Leukemia refers to a group of blood cancers that present a substantial healthcare challenge, causing over 310,000 deaths annually worldwide, according to the 2018 Global Burden of Disease study. Diagnosis and treatment are highly challenging due to heterogeneity; there are 31 leukemia entities (subtypes) defined by the World Health Organization as of 2017.

Currently, leukemia is diagnosed using a combination of methods. These methods require complex equipment and highly skilled clinical laboratory scientists and technicians – scarce resources – which increases turnaround times as well as costs. Average times from sample receipt to reporting can take up to ten days.

A paradigm shift in diagnostic methodology

Next-generation sequencing (NGS), a massively parallel DNA sequencing technology that is able to read an entire human genome within a day, has shown great promise for identifying leukemia subtypes as well as prescribing more targeted and effective treatment.

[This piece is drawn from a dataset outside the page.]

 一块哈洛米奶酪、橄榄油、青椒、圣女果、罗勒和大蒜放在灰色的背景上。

Prof. Dr. Torsten Haferlach, CEO of MLL, said, “To establish this paradigm shift, from a primarily manual review of morphological features by experienced experts, to an objective, algorithmic approach using molecular genetics-based features, MLL partnered with the Amazon ML Solutions Lab to tackle this extraordinary feat. This work will lead to more cure and prolonged life time of all patients.”

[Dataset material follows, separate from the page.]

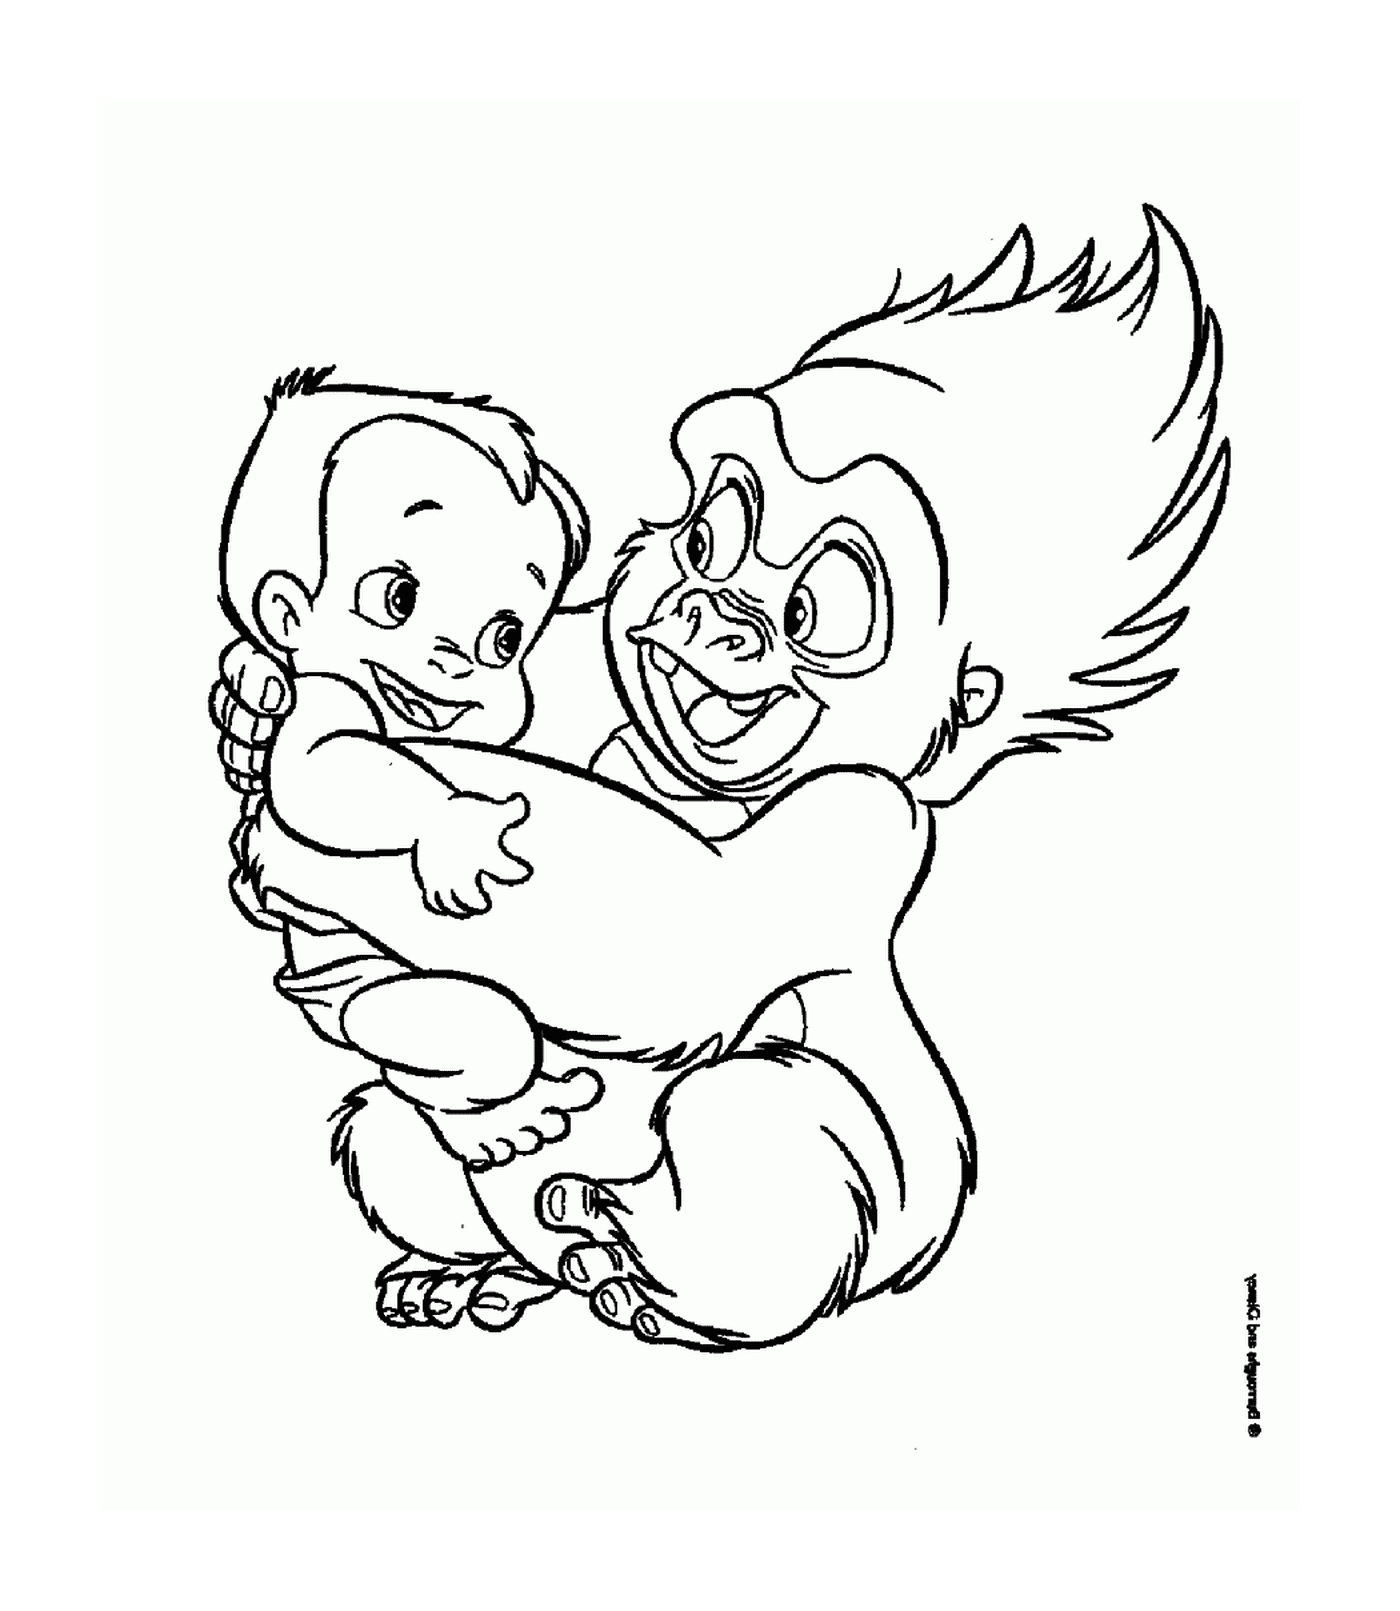  Взрослые и маленькие гориллы обнимают друг друга

Cancer classification based on NGS data using machine learning

The Amazon Machine Learning Solutions Lab took on the challenge of assisting MLL in developing an innovative clinical decision support model based on a next generation sequencing (NGS) dataset. NGS data are extremely high dimensional, and are usually comprised of very small amounts of quality training data. MLL, having completed the 5,000 genomes project, has one of the largest datasets in this domain. The majority of samples from the 5,000 leukemia patients involved were sequenced using whole genome sequencing (WGS) and whole transcriptome sequencing (WTS), and diagnosed using WHO gold standard orthogonal diagnostic methods.

Data preparation

With the global scope of MLL’s research, it is imperative that data is kept in cloud services that are secure and compliant with privacy regulations. AWS is available in many countries and regions, which provides convenience and low cost for customers. All customer data can be stored and accessed in any region within AWS. In this particular case, the data from MLL was stored in Amazon S3 buckets within the customer’s selected region in Frankfurt to meet requirements for healthcare data.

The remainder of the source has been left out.